▶ [DATA BELOW]:
--- START ---
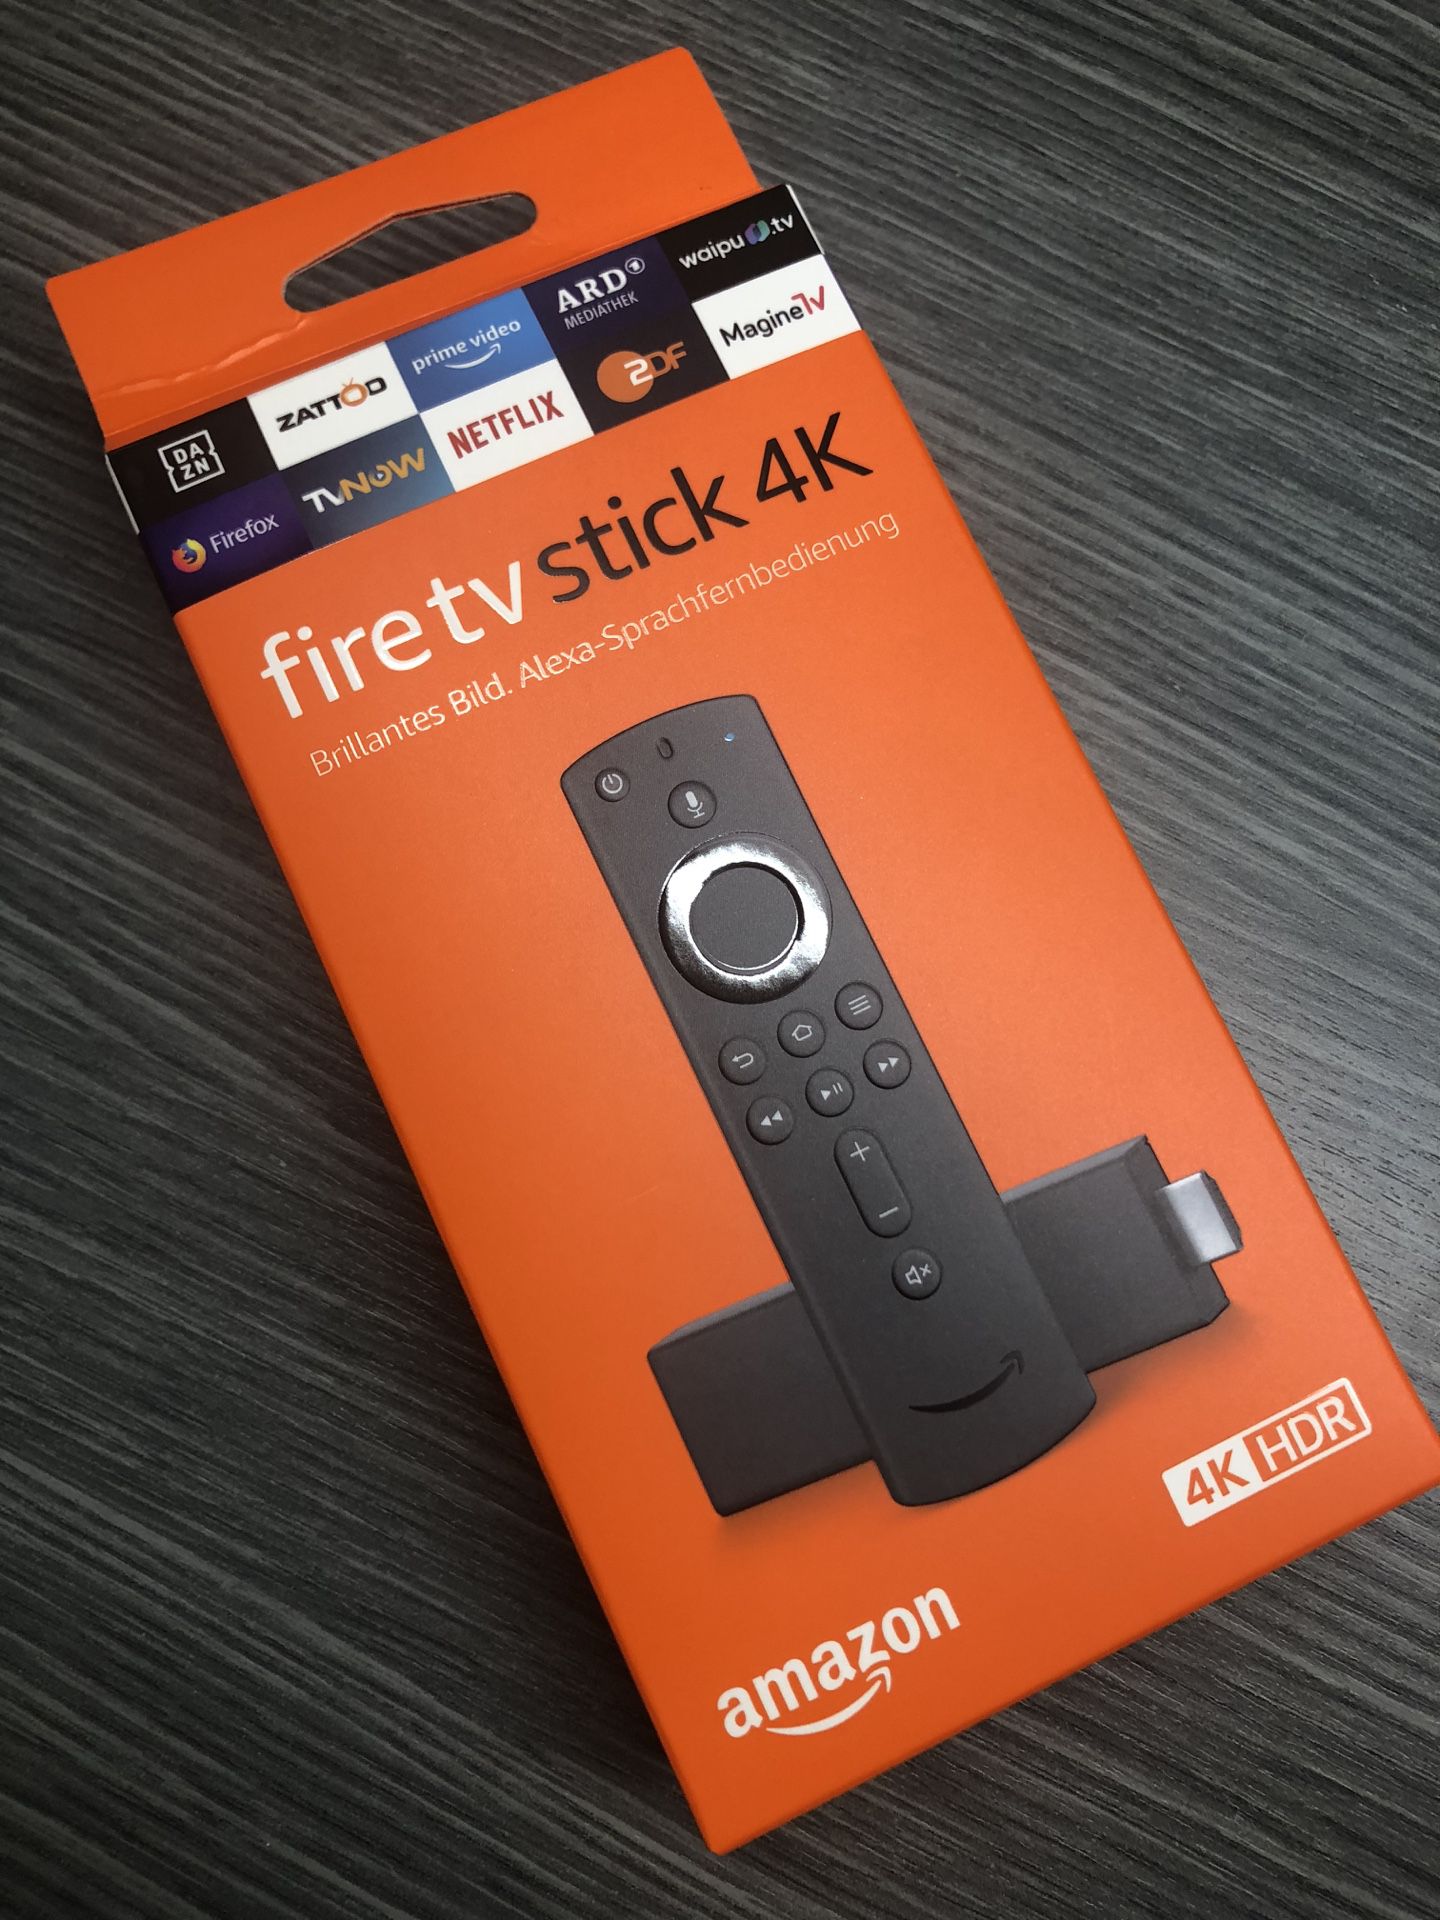 4K Amazon FireTV Stick 2019
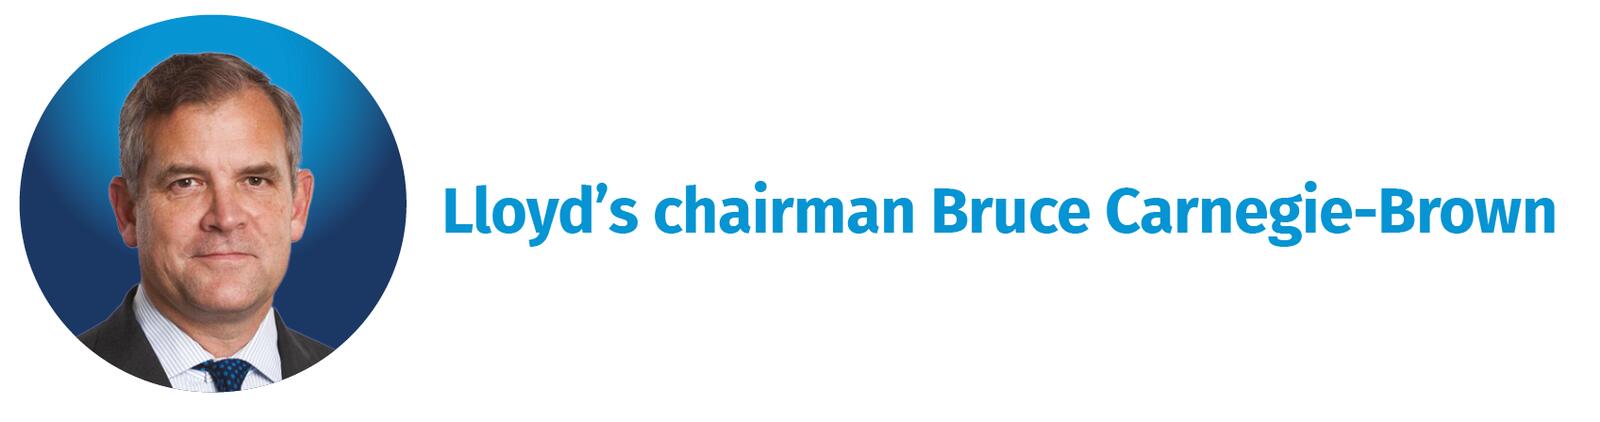 Lloyd’s chairman Bruce Carnegie-Brown
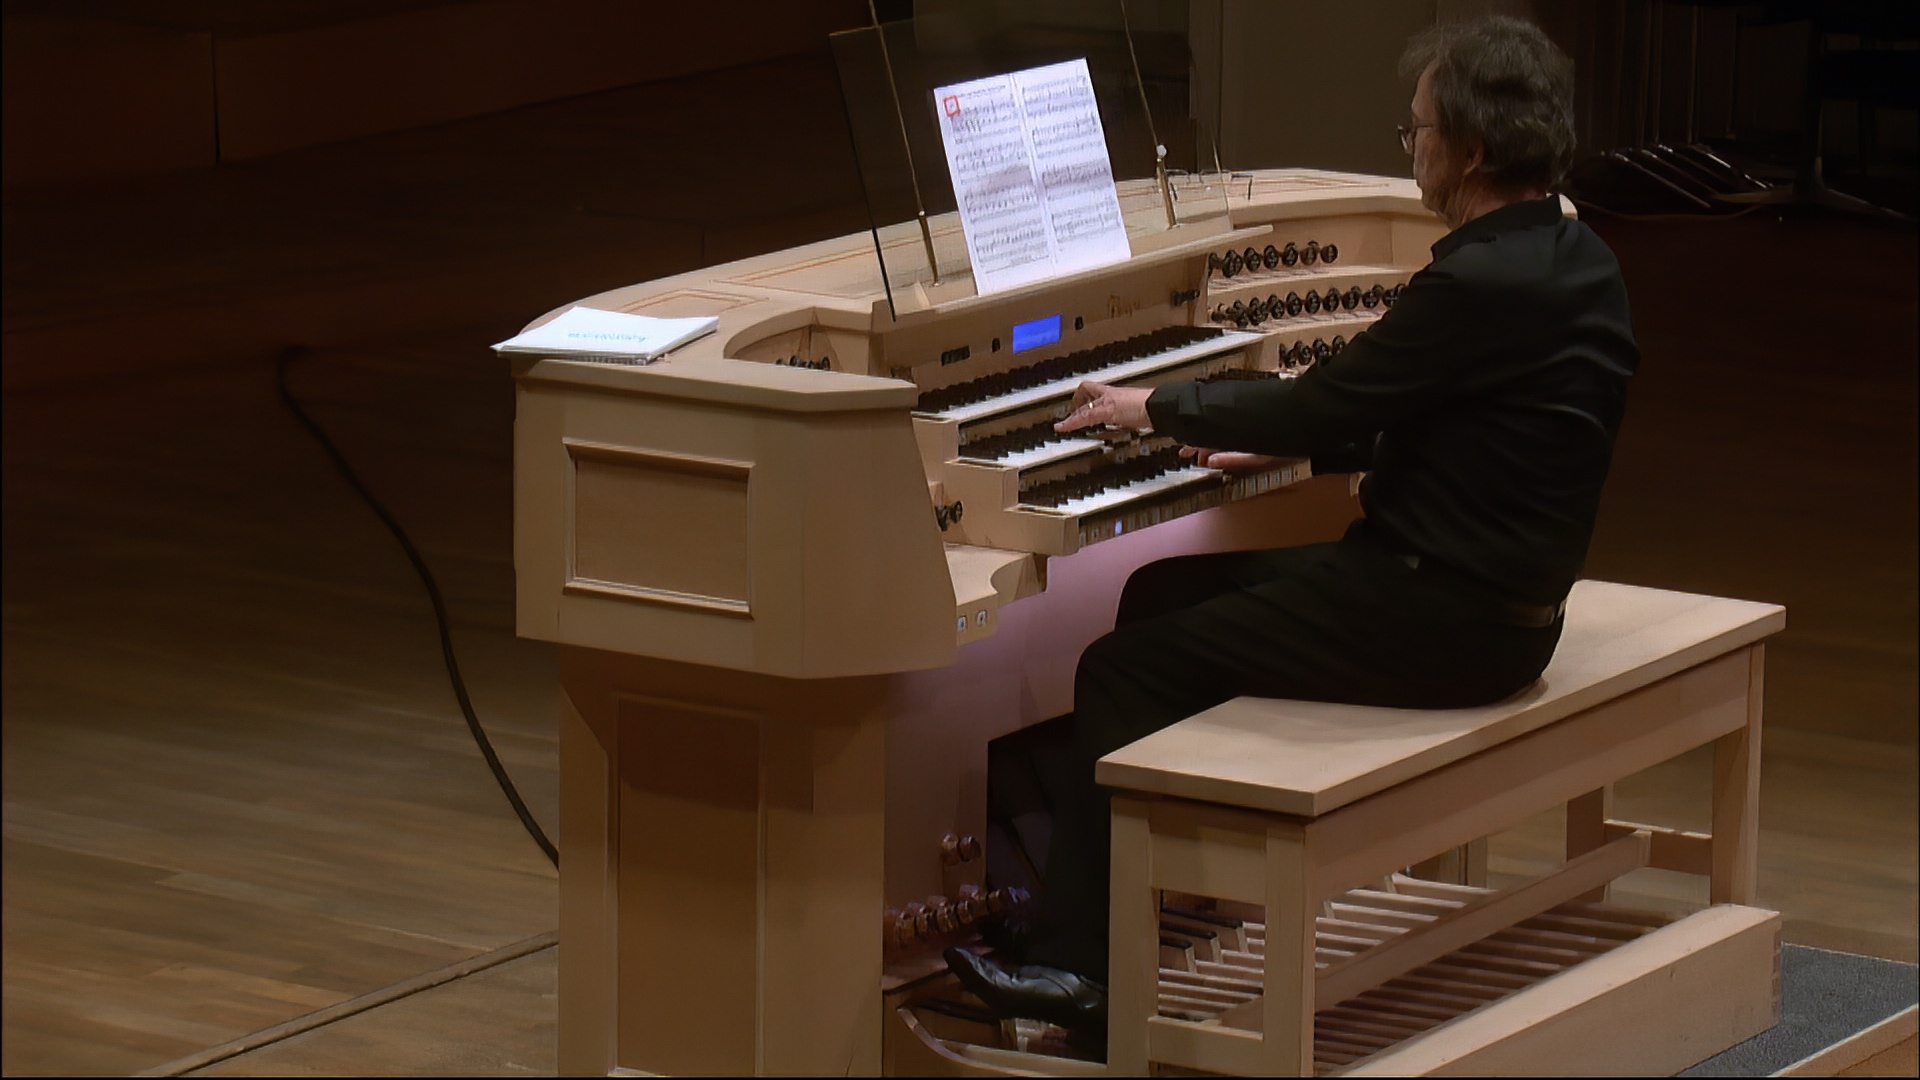 Organový recitál II – Willibald Guggenmos
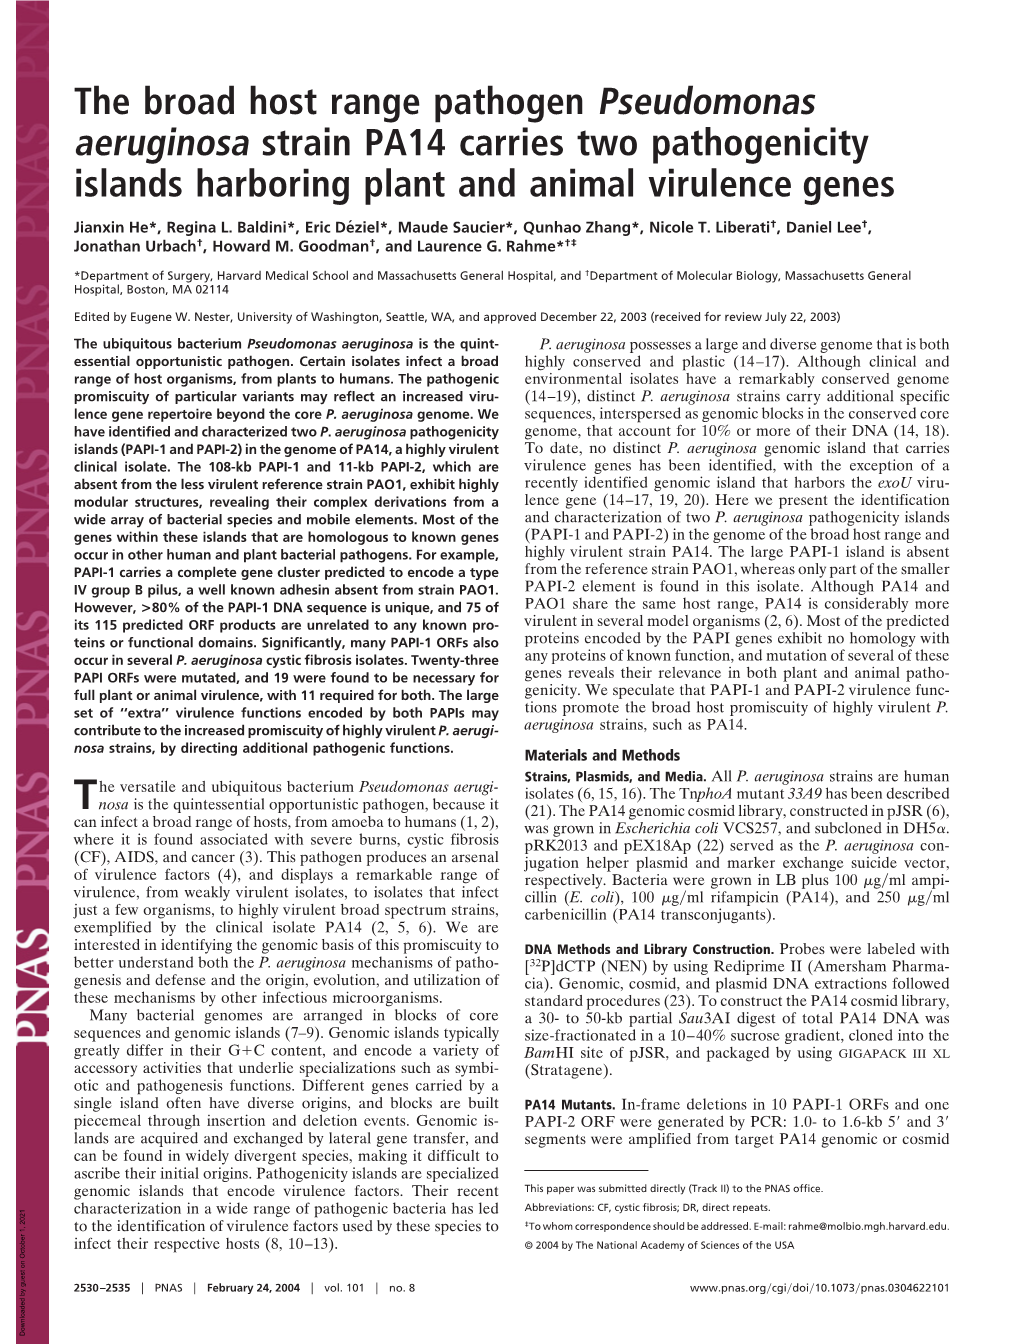 The Broad Host Range Pathogen Pseudomonas Aeruginosa Strain PA14 Carries Two Pathogenicity Islands Harboring Plant and Animal Virulence Genes
--- END ---
▶ [HOW TO COMPLETE THIS TASK]:
Pictures in the listing above must be skipped; everything else should be copied exactly.

▶ [RESULT OF THE TASK]:
 4K Amazon FireTV Stick 2019
 Lloyd’s chairman Bruce Carnegie-Brown
 Organový recitál II – Willibald Guggenmos
 The Broad Host Range Pathogen Pseudomonas Aeruginosa Strain PA14 Carries Two Pathogenicity Islands Harboring Plant and Animal Virulence Genes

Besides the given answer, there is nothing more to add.